There was something different about Marcellus that I could never quite put my finger on. Like fuck was I going to ask him about it, though.
Instead, I went for, “Why are you here?”
“I could ask you the same question.”
“You could, but I asked first.”
Marcellus didn’t reply, his eyes trained on the same spot mine were. They were his soldiers over there after all; maybe he had been on his way to join them and sensed me. But what if he had been pulled here as I had? I didn’t want to think too much into what that would mean.
“I’m here for her.” His voice rumbled over me, and that told me all I needed to know.
With my Fae ears, I could hear the tale the Story Teller was weaving, the makings of our world. How we were blessed with the goddesses that created us all.
Was this a story she had been told before? One that was now just a wisp of a memory trapped behind the block that had been placed on her. Before she had been trapped in another realm with no clue of who she had been born to be.
The memories that had been plaguing my mind recently, as recent as an hour ago , pulled at me, and I began to draw a conclusion that made the shadows in my blood shudder.
I had the answer, a solution. I knew someone who could help her.
I just had to take that step.
Dread clawed at my insides with talons as sharp as the ones that had often been scraped across my body, I rubbed at the unbroken skin on my arms at the memory. I was always put back together, or learned how to put myself back together was more like it. The scars from that time sinking into my bones, my soul, instead of marking my now tattooed skin.
There was little point dwelling on the memories when my eyes were open, since they would torment my sleep just as viciously regardless.
If I went there, I might not come back. I would be the price for the help she needed.
By their own accord, my fingers slipped to the blade of my dagger. Its wicked point a promise I wanted to press into, feel my skin peel apart, but I held back.
Shadows flooded beneath my skin, their presence there intending to soothe, to realign the aching in my soul at the decision I would need to make.

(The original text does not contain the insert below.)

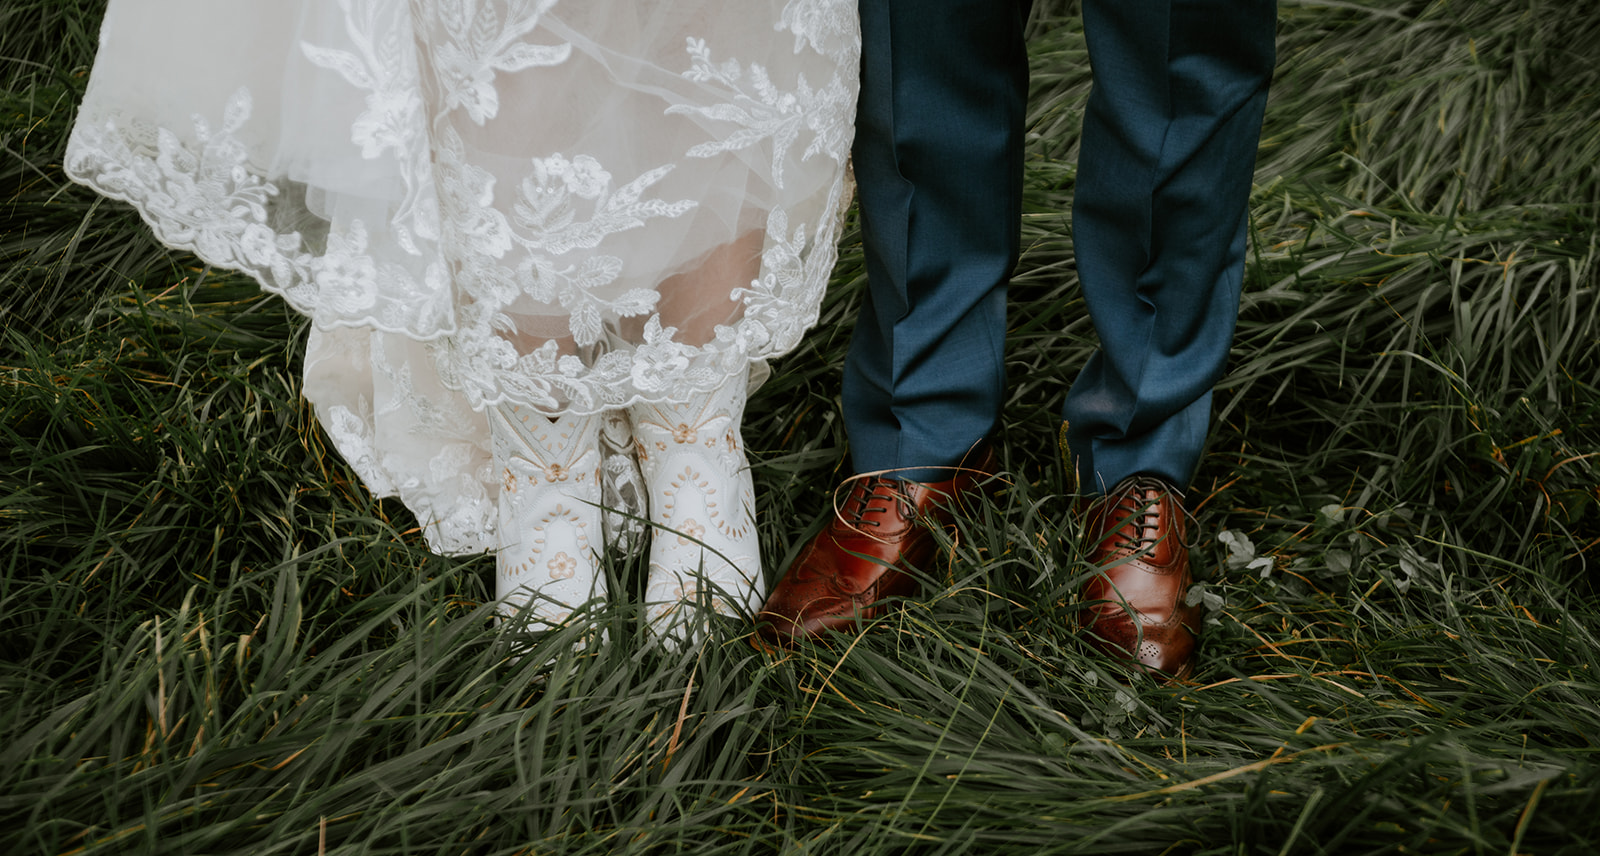 Country bridge and groom wedding boots

If Marcellus sensed the direction my thoughts had turned, he didn’t let on. Instead, we both stood there, hidden. Our eyes trained on the magik that was Elodie as if neither of us could bear to look away.
And as she stood with Alouette, she turned once again. Not towards us, but to the trail she had emerged from earlier. At words spoken from her friend, those eyes that grew brighter every day she was here, settled of the strain she had been holding onto, and she turned away. Taking a long drink from the flask offered to her, the blanket fell to the ground, and with a stray wind blowing through the waves of her hair, she headed into the crowd of bodies.
I knew then that I would wait, wait until she left because I couldn’t bring myself to pull my eyes from her. Not now. Not knowing that I had a way that could make it all better. But one that meant that each second I had here was precious.
Yes, I would stay until she left.
I would be the shadow that held back the others. The shadow that let her light blaze through the world.
Until I wasn’t.
I would stay. There wasn’t much chance of sleeping now anyway.